Вот, думал он, а ну как этот пирожок имеет в своем нутре мясо немытой и, возможно, больной свиньи? Он же тогда немедленно проест ему печень. Но это было бы классно, если бы от действия до последствий проходило мало времени: как на испытаниях летательных аппаратов. Что-то не так, — готов, лежит на почве. Хотя, конечно, тоже не всегда, иной раз замучишься проблему вычесывать, как в жизни. А то бы съел плохой пирожок — и тут же корчишься на тротуаре рядом со ступеньками, где купил. А не так, что что-то болит, а почему? Или же придумал умную мысль и она через пять минут материализовалось, принеся не то, чтобы славу, а реальное достоинство. Или сошелся с кем-нибудь, и уже минут через десять она уже вынимает из себя ребенка. Девочку в розовом платьице с золотистыми волосами, волосы еще чуть влажные. А то все длинные паузы, промежутки от действия до последствий, никогда не вспомнить, что из чего произошло. Зачем он, например, учил в школе природоведение? Карты природных ископаемых, где золото обозначено кружком, вертикально поделенным на белую и черную половинки?
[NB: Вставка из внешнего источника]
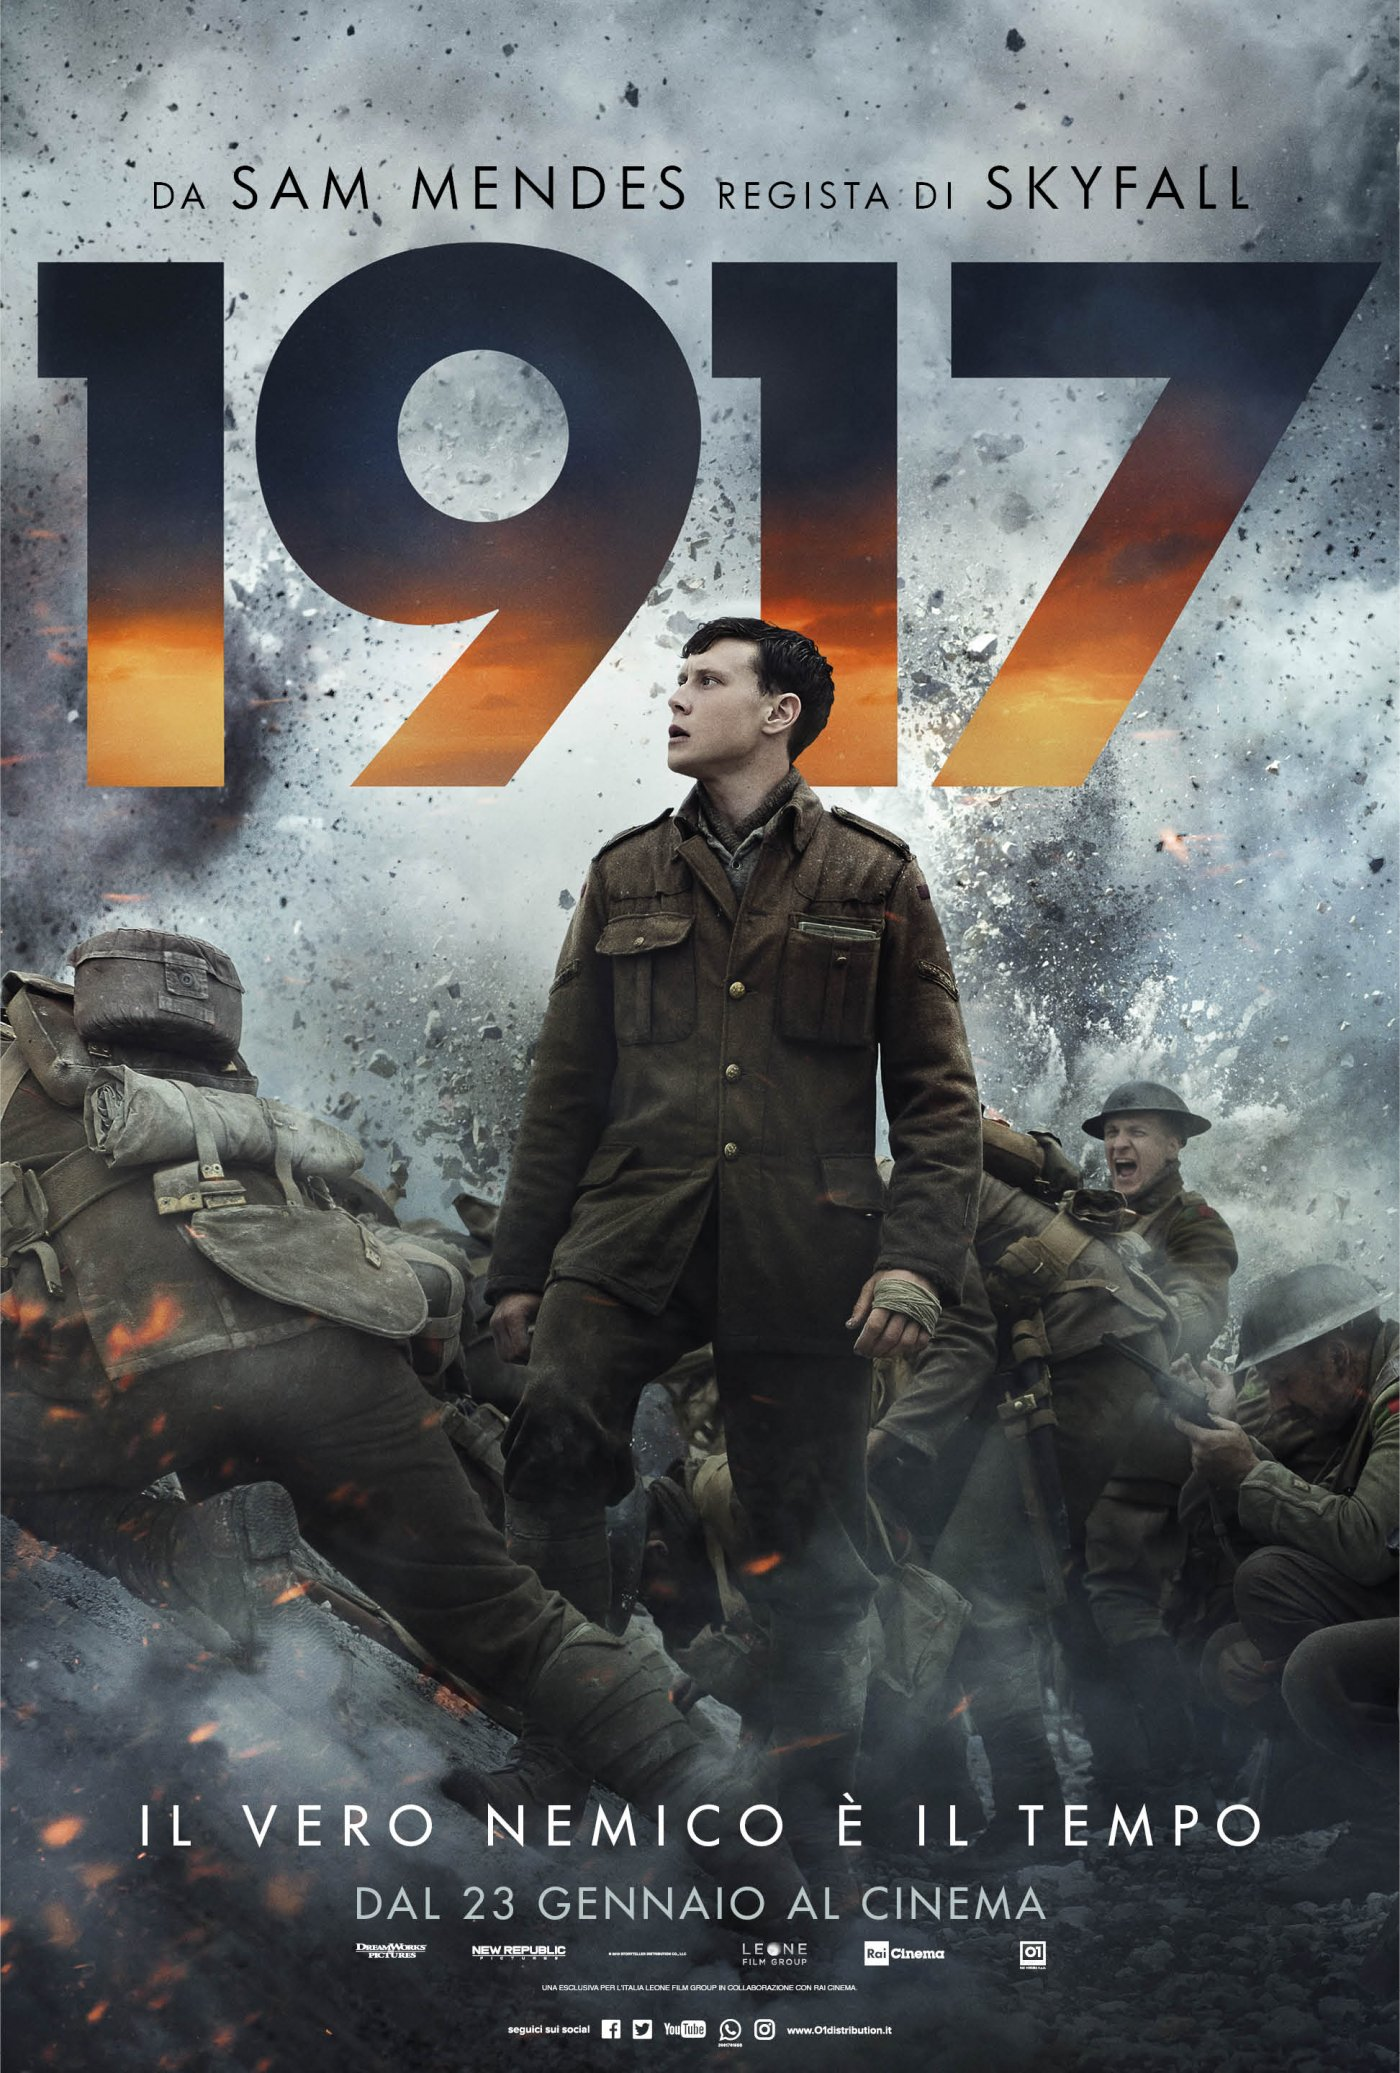 https://movieplayer.it/film/1917_50649/

Спокойно, думал он, спокойно. Квартиры разменяются, все соберется вместе, станет гармонично, все позиции упорядочатся в полном согласии. Всех этих мучений на пару лет, а потом можно будет неторопливо жить, одобрительно кивая окрестностям. Комфортно, здоровым образом старея, что уже вовсе не будет расстраивать — это ведь хорошо, неторопливо доживать жизнь. Потому что жизнь удалась: выжил и до смерти доживет, и не на выселках, а как гордый римский гражданин, разве же это не его несомненная заслуга? Всякое ведь могло быть.
Так что не время теперь заниматься метафизикой. Для нее и выделена технологическая пауза в конце жизни — именно для того жизнь и устроена, как устроена, чтобы в ее конце была славная, медленная, как летнее утро, метафизическая пауза. Потому что только тогда метафизика не будет звать на свершения. Какая ж она тогда метафизика? Тогда она заморочка, шило в заднице.
Хотелось специального места для мыслей: чтобы вокруг были теплые цветные тряпки, пыльная солнечная комната, медленная старость. На третьем этаже, чтобы сидеть и в окно иногда выглядывать. Хм, тут он понял, что имеет на уме вполне конкретное место, а именно свою однокомнатную в Чертаново, на Балаклавском проспекте. Эта мысль его озадачила, поскольку находилась в явном противоречии с рассуждениями о квартирных разменах и окончательной гармонии. И уж тем более не в этой же хрущевке предаваться метафизике. Колотун там зимой.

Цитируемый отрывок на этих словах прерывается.